## [What you need to do]
Although the data holds pictures, return only the lines from the one containing "绿城崔各庄新作交通便利未来规划地铁32" to the end, exactly, and without them.

━━━━━ Recorded data ━━━━━

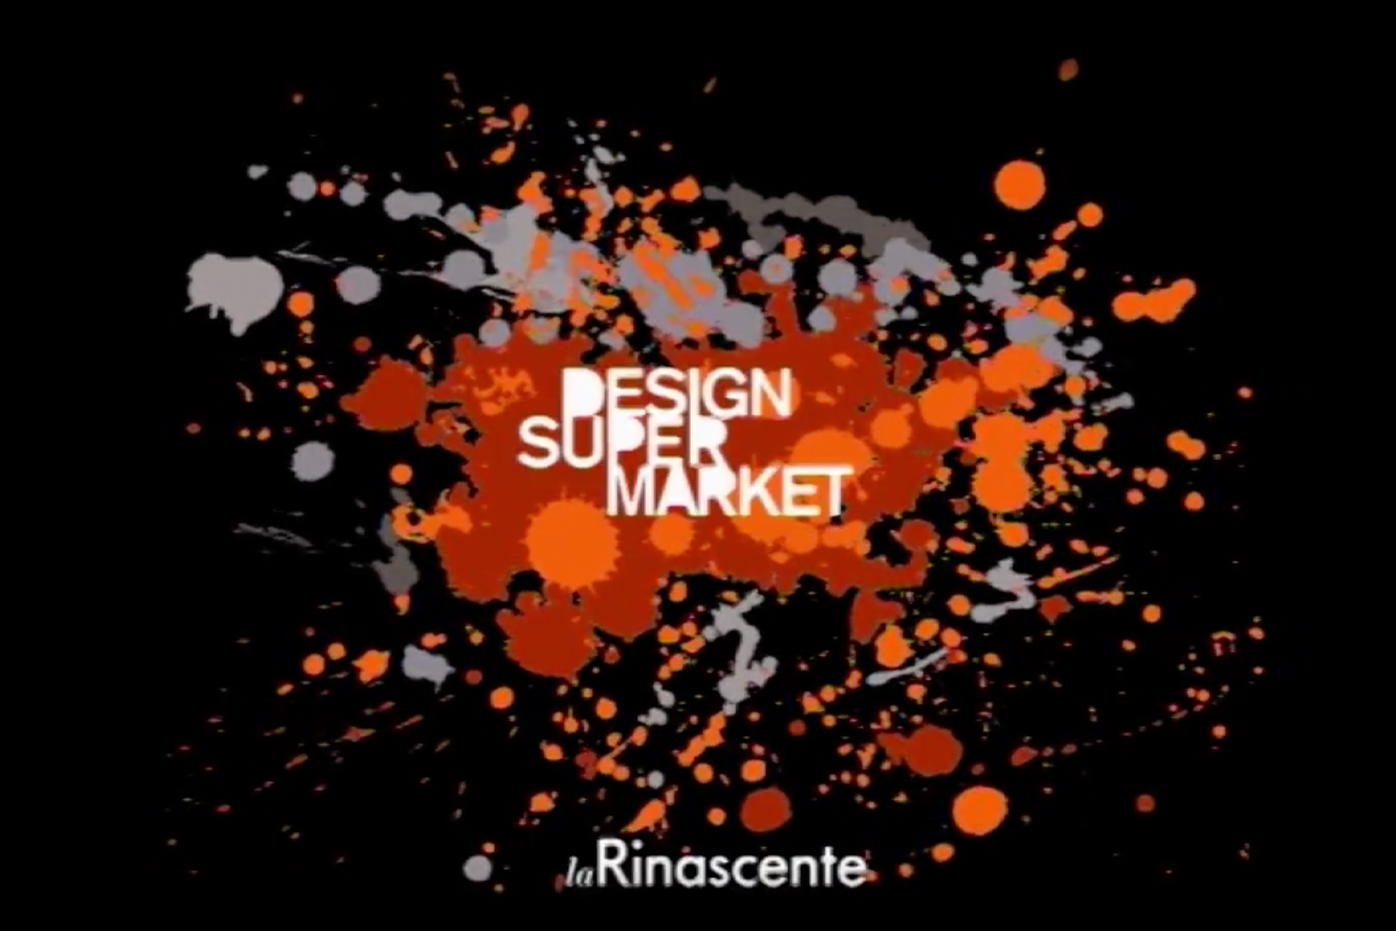 La Rinascente – Design Supermarket
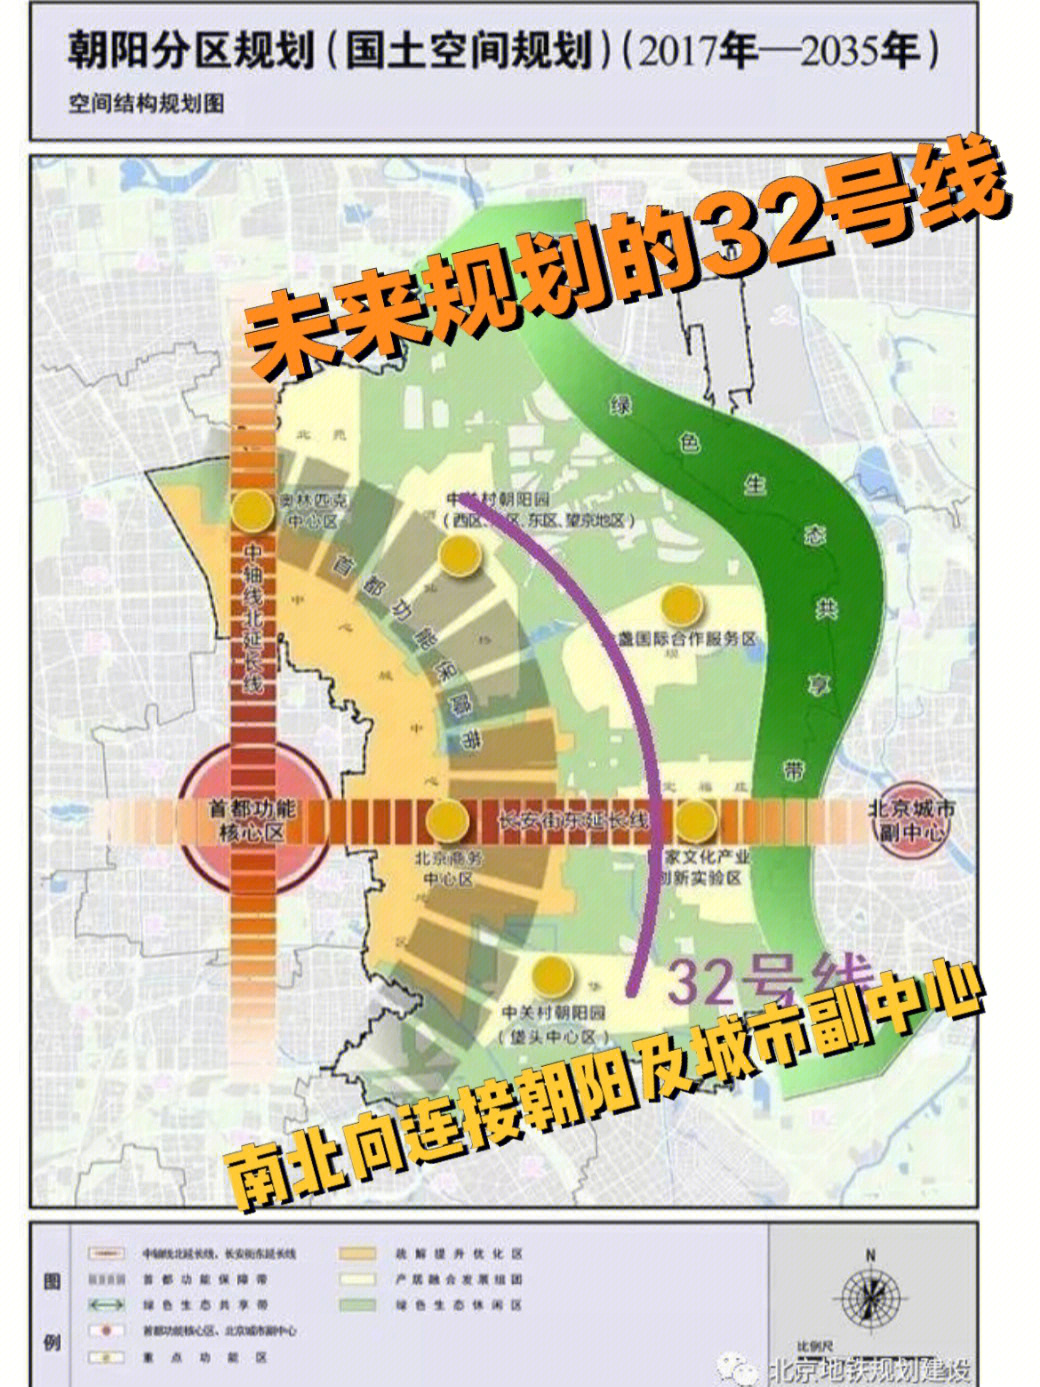 绿城崔各庄新作交通便利未来规划地铁32
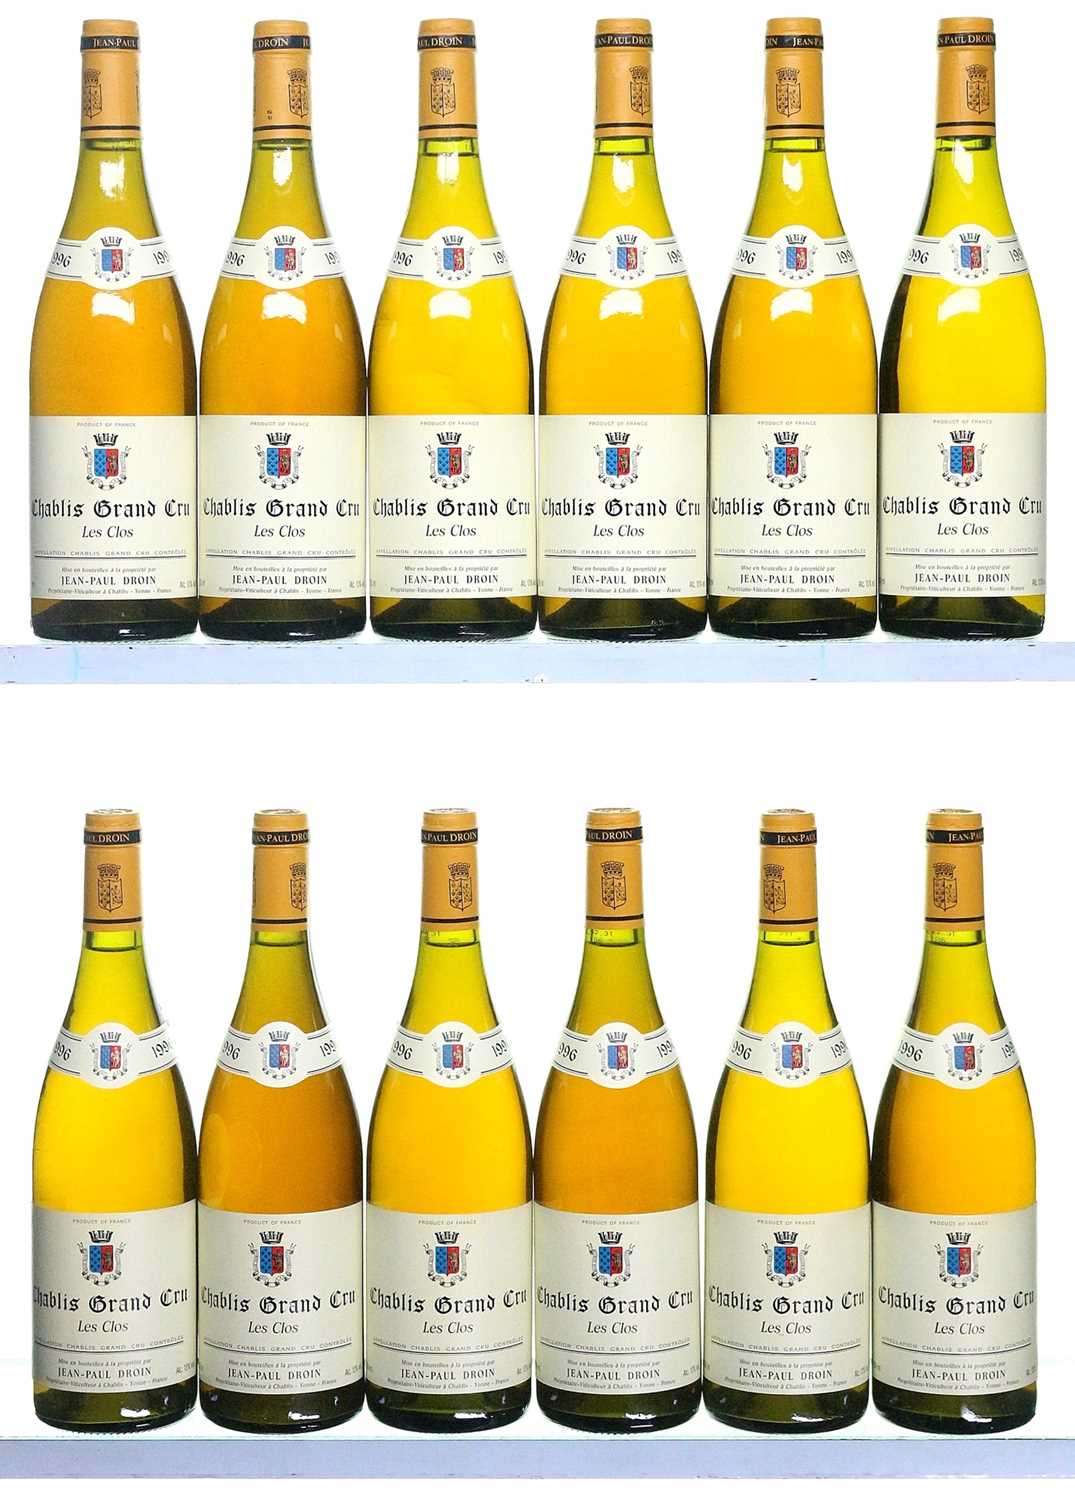 Lot 137 - 12 bottles 1996 Chablis Les Clos Droin

━━━━━

## [Your response]
 绿城崔各庄新作交通便利未来规划地铁32
 Lot 137 - 12 bottles 1996 Chablis Les Clos Droin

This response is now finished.